Keller was bestuurslid van de Arnhemsche Liberale Kiesvereeniging. Drie jaar lang (van 1867 tot 1870) was hij secretaris van het Arnhemsch Oudheidkundig Genootschap Prodesse Conamur van 1792. De Arnhemsche Courant meldde op 11 januari 1899, de dag na zijn overlijden, over zijn betekenis voor dit genootschap: “De ouderen onder de leden zullen, aan de debatingavonden terugdenkende, zich de persoonlijkheid van Keller nog met genot herinneren.” Van andere optredens in het openbaar zijn geen gegevens bewaard gebleven. Wel schreef de Arnhemsche Courant ook nog dat Keller zich ooit schriftelijk had verontschuldigd om als spreker op te treden. “Die brief werd op den Nutsavond voorgelezen – het bescheid was, dat hij meer genot geschonken had dan de spreker, die de beurt vervulde.” Ongetwijfeld heeft Keller in de beslotenheid van de vrijmetselarij, waarvan hij lid was, taken moeten vervullen. Hij was ook enige tijd lid van de Commissie van Toezicht op het Middelbaar Onderwijs.

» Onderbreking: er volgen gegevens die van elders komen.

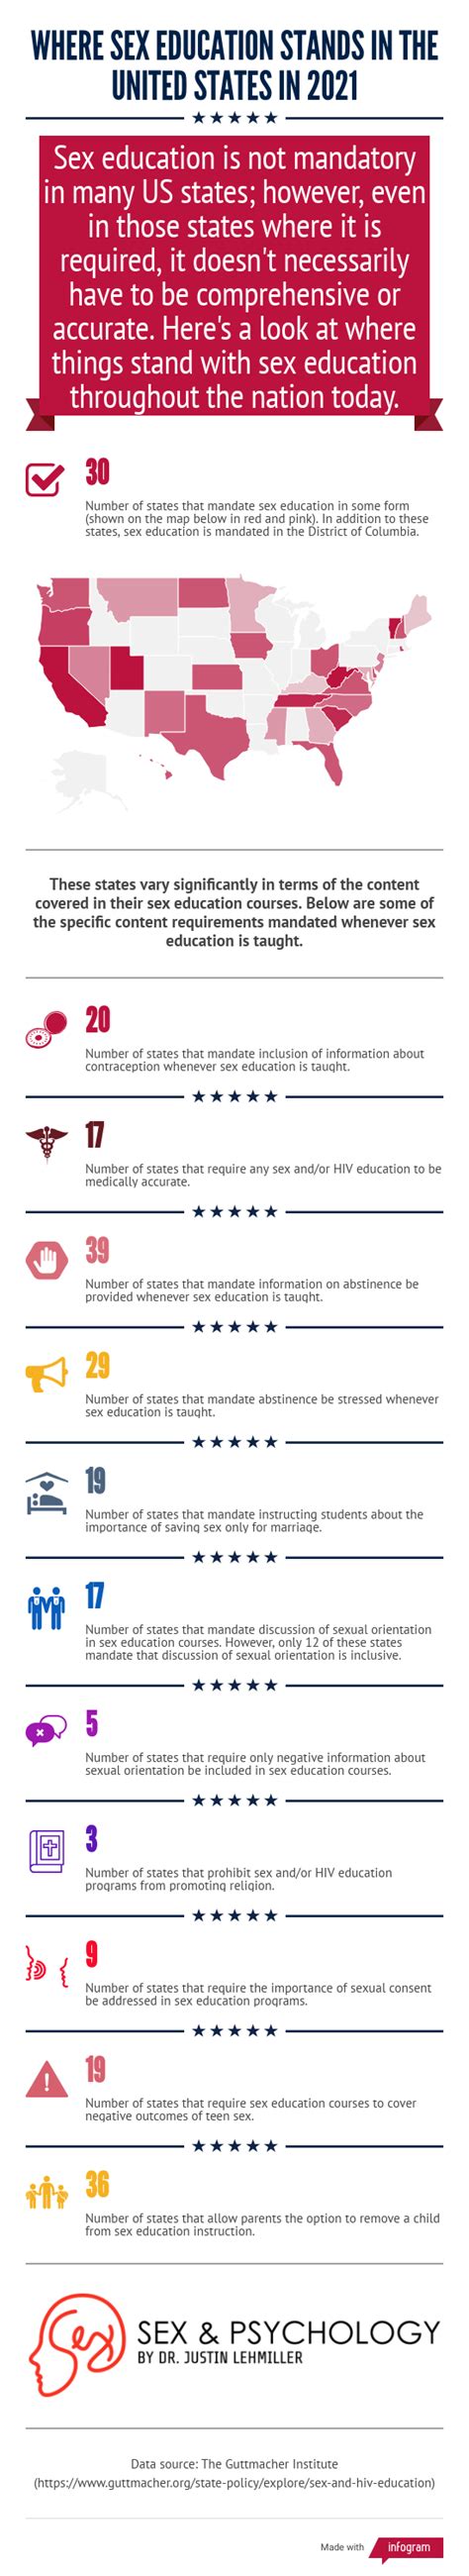 The State Of Sex Education In The United States In 2021 Infographic Sex And Psychology

Om gezondheidsredenen nam Keller in 1898 afscheid van de Arnhemsche Courant. Zijn vrouw stierf op 24 augustus van datzelfde jaar. Keller zelf overleed minder dan een half jaar later, op 10 januari 1899, in zijn huis aan de Alexanderstraat in Arnhem, enkele weken voor zijn zeventigste verjaardag.
Keller heeft een enorme hoeveelheid publicaties op zijn naam staan. Hij schreef romans, novellen, blijspelen en reisverhalen. In verscheidene tijdschriften verschenen artikelen van zijn hand. In zijn functie als redacteur van de Arnhemsche Courant verzorgde hij veel journalistieke bijdragen.
Tijdens zijn leven kreeg Keller over het algemeen alle lof toebedeeld. Zijn verhaaltrant werd als fris, oorspronkelijk, kritisch en oprecht aangemerkt. Die beoordeling bleef niet onveranderd hetzelfde. Ook in niet-literaire kringen kwam er kritiek. Zo sprak ir. M.M. van Hoffen, redacteur van de Geldersche Volksalmanak in 1942 weinig vleiend over Keller, die ook een korte periode redacteur van deze almanak was geweest: “Van 1865-1868 werd de almanak verzorgd door den literator G. Keller. Zijn karakter als volksboekje verloor hij in die jaren totaal, hij werd een jaarlijks terugkeerende verschrikking voor alle liefhebbers van de volkskunde.”
Het zou bij een beoordeling van Kellers literaire kwaliteiten te makkelijk zijn alleen te spreken over de gedateerdheid van zijn werk. Ruim een eeuw na zijn dood kan gezegd worden dat Keller op een heldere en innemende manier een tijdsbeeld gaf van de tweede helft van de 19de eeuw.